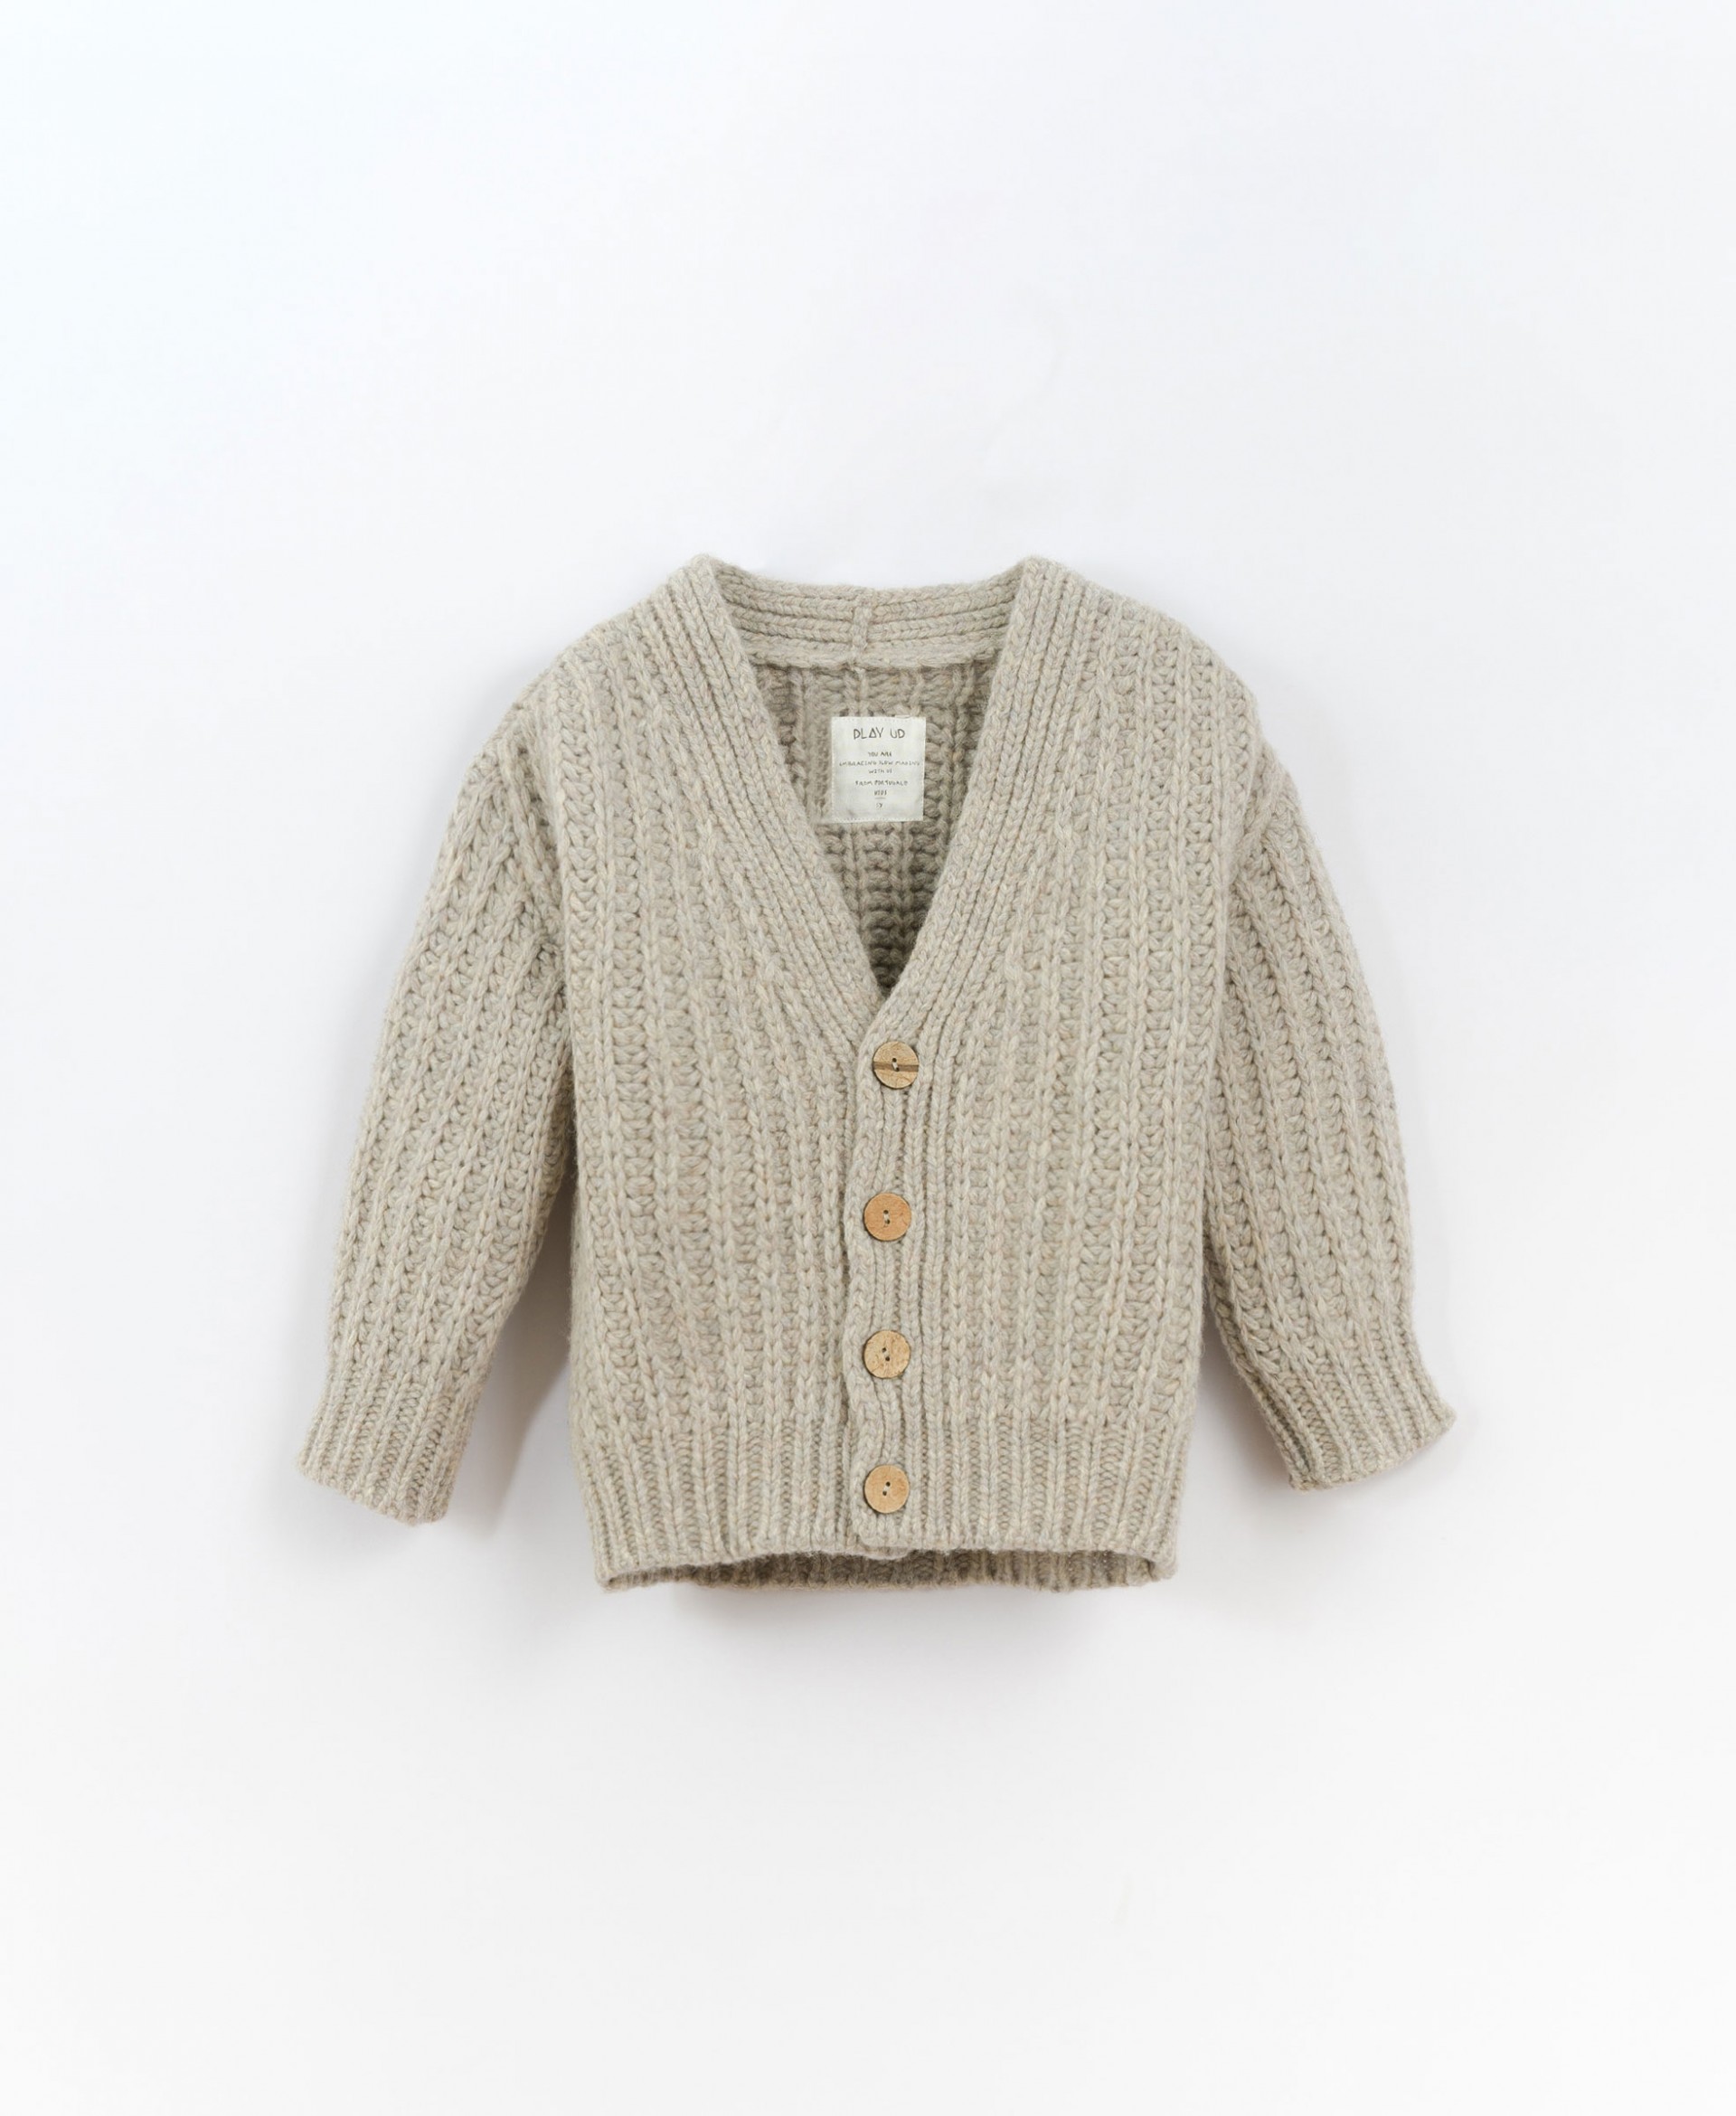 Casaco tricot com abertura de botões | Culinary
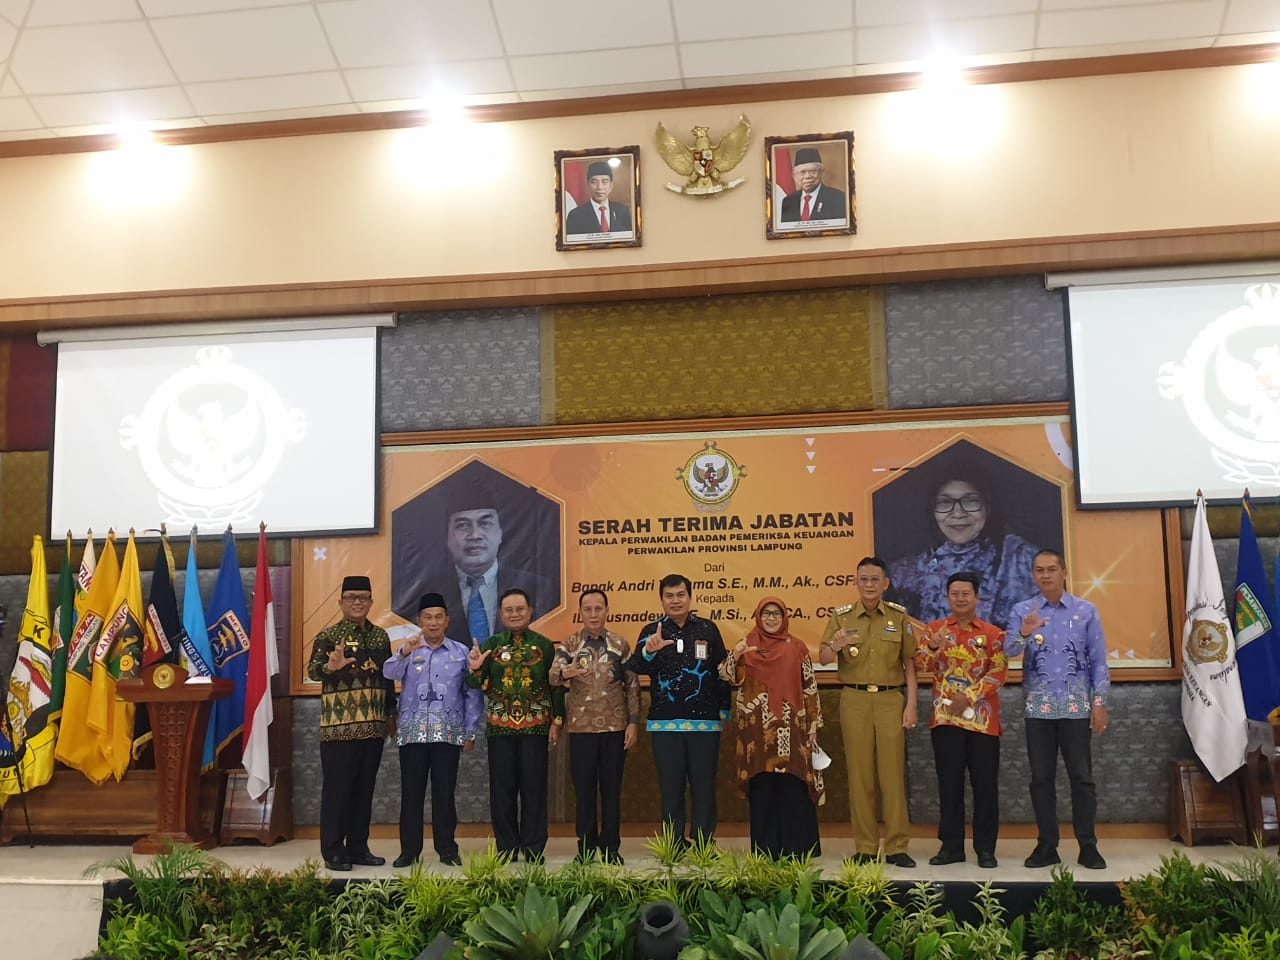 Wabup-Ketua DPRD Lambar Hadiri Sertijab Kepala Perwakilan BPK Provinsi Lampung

==

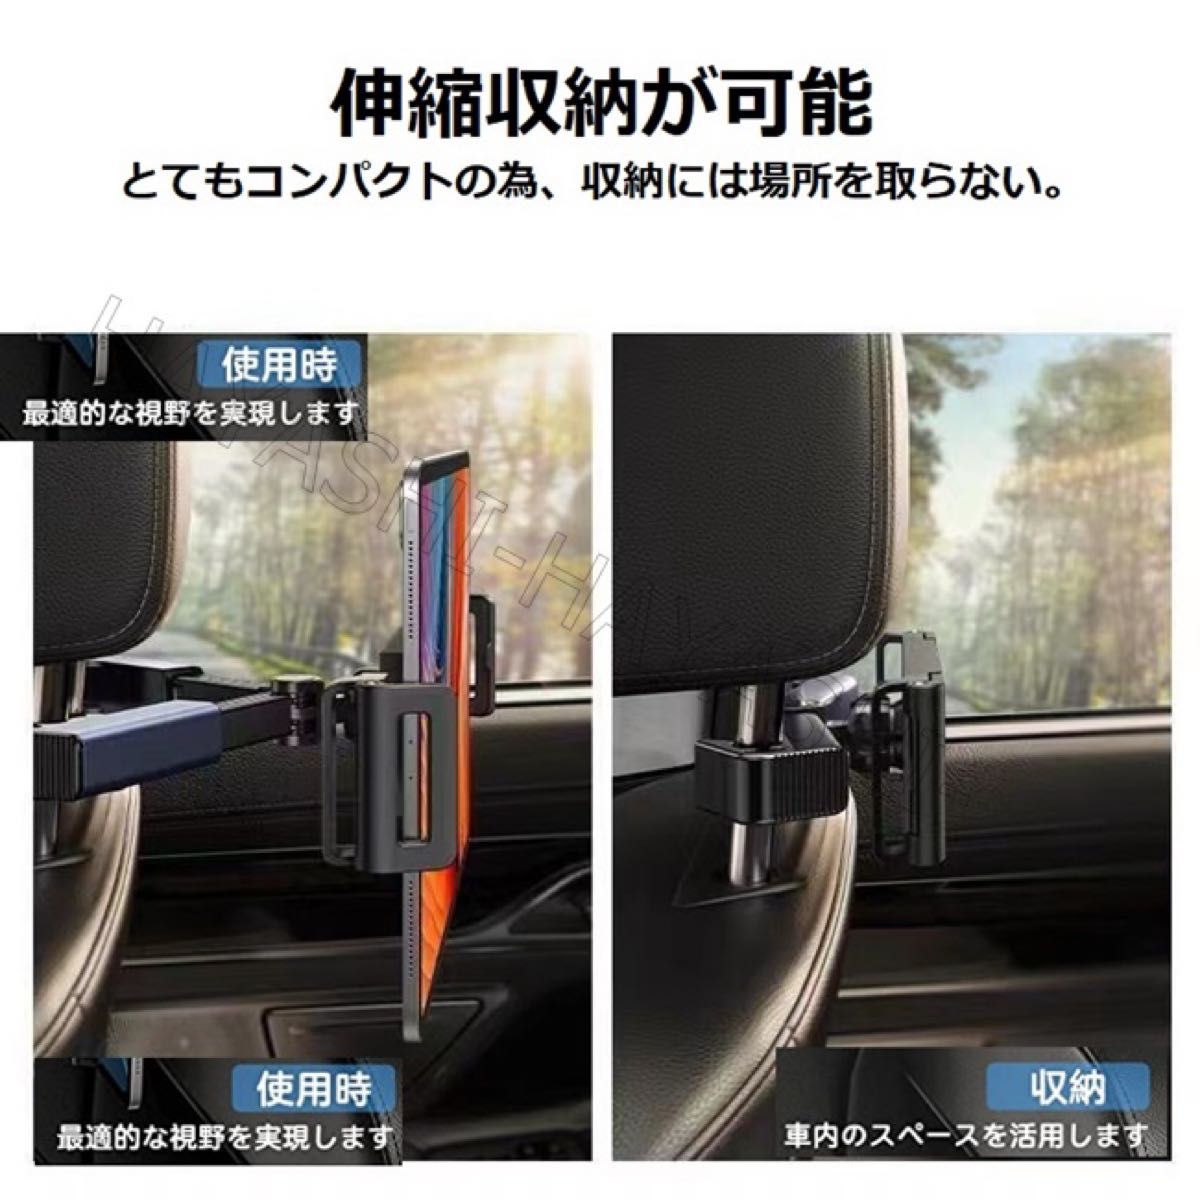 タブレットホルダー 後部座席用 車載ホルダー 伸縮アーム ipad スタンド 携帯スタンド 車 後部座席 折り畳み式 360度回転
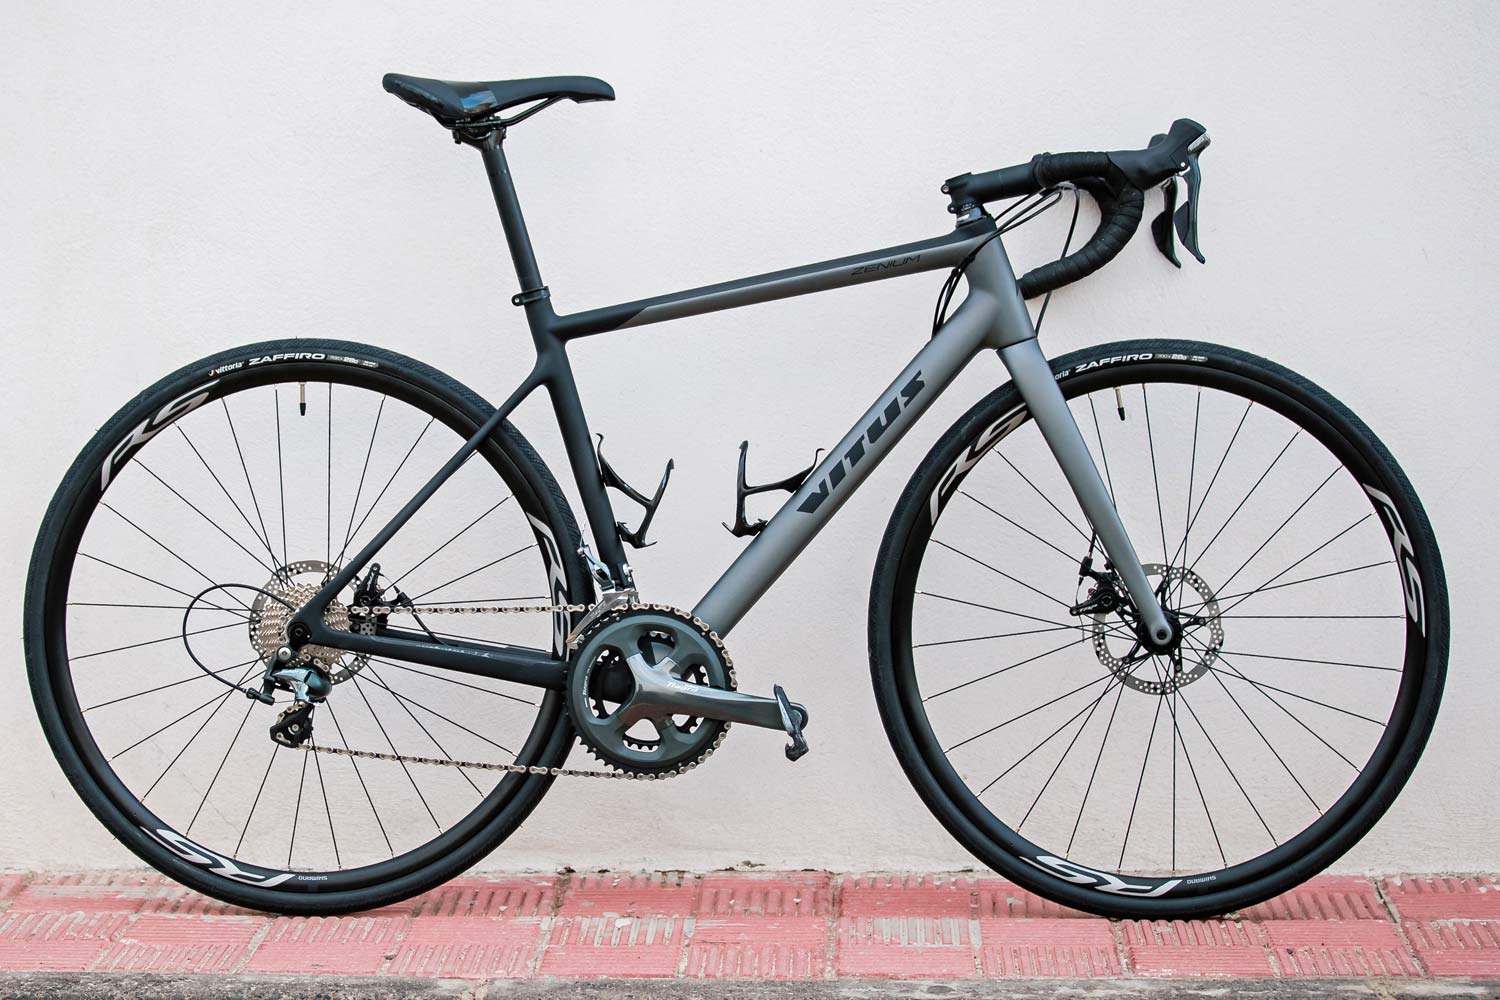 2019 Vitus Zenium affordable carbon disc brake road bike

* * *

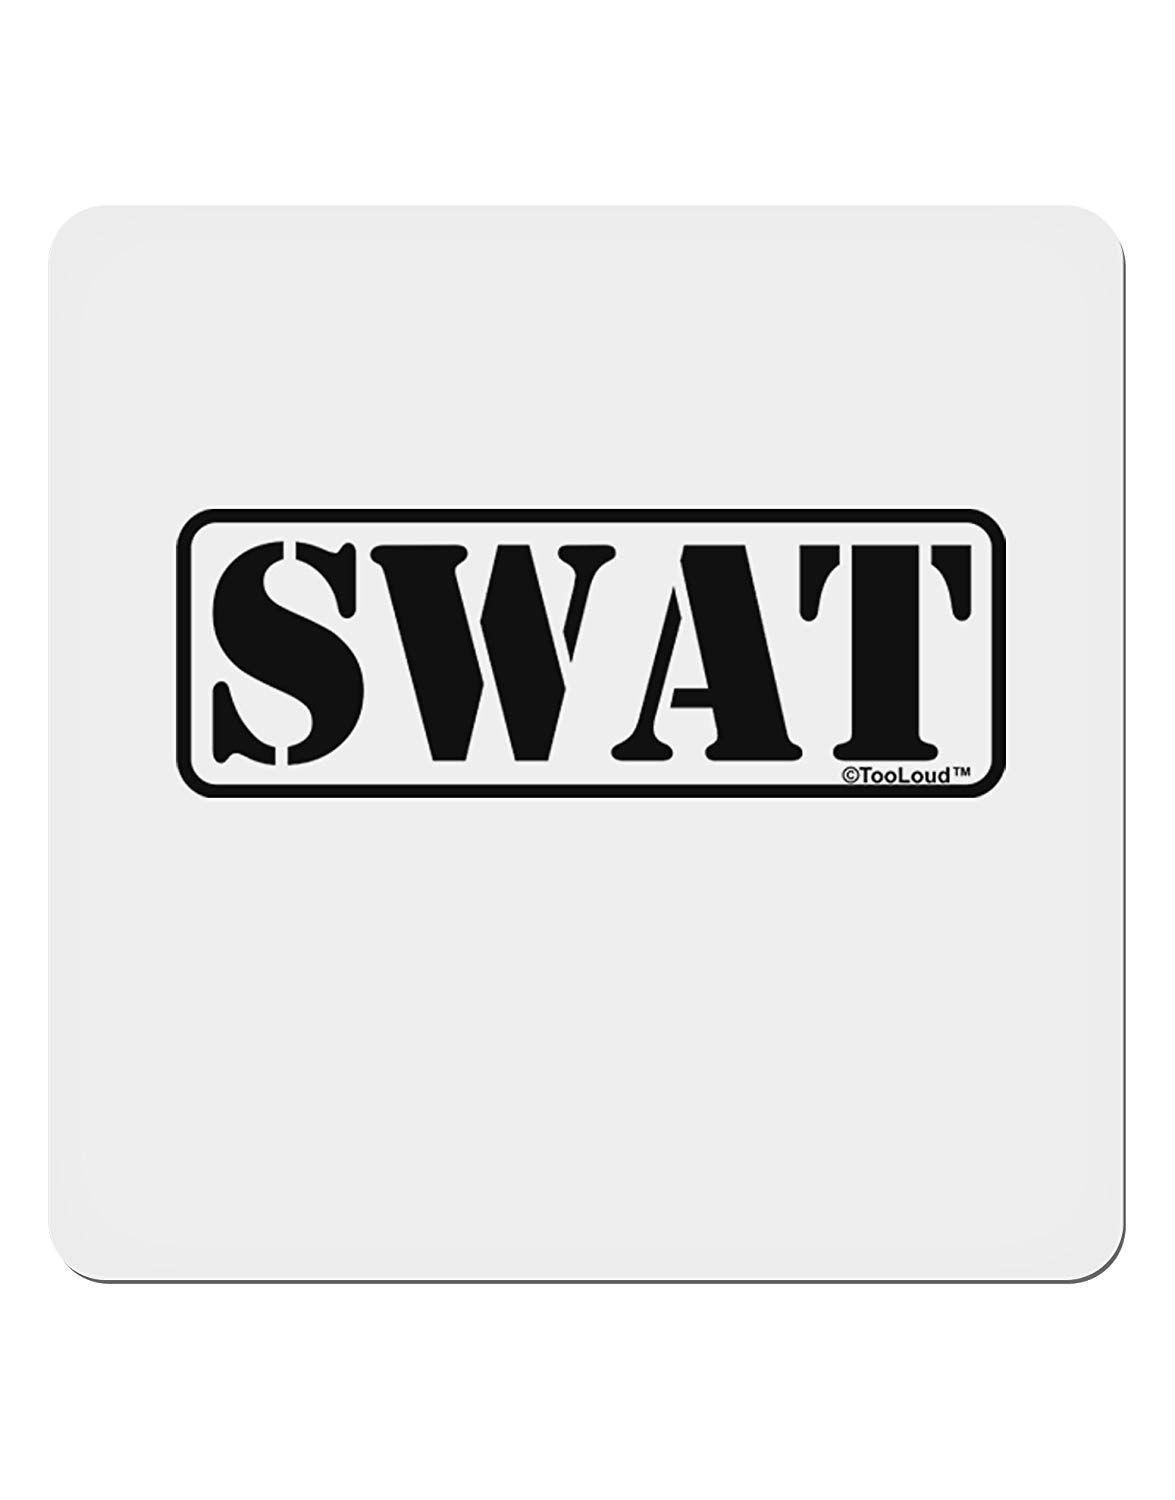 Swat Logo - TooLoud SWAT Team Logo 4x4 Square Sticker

TASK STATEMENT ::
The lines to set down run from the line with "Casaco tricot com" up to and including the line with "Wabup-Ketua DPRD Lambar" in the entries above. Reproduce them exactly, with no pictures.

ANSWER SECTION ::
 Casaco tricot com abertura de botões | Culinary
 Wabup-Ketua DPRD Lambar Hadiri Sertijab Kepala Perwakilan BPK Provinsi Lampung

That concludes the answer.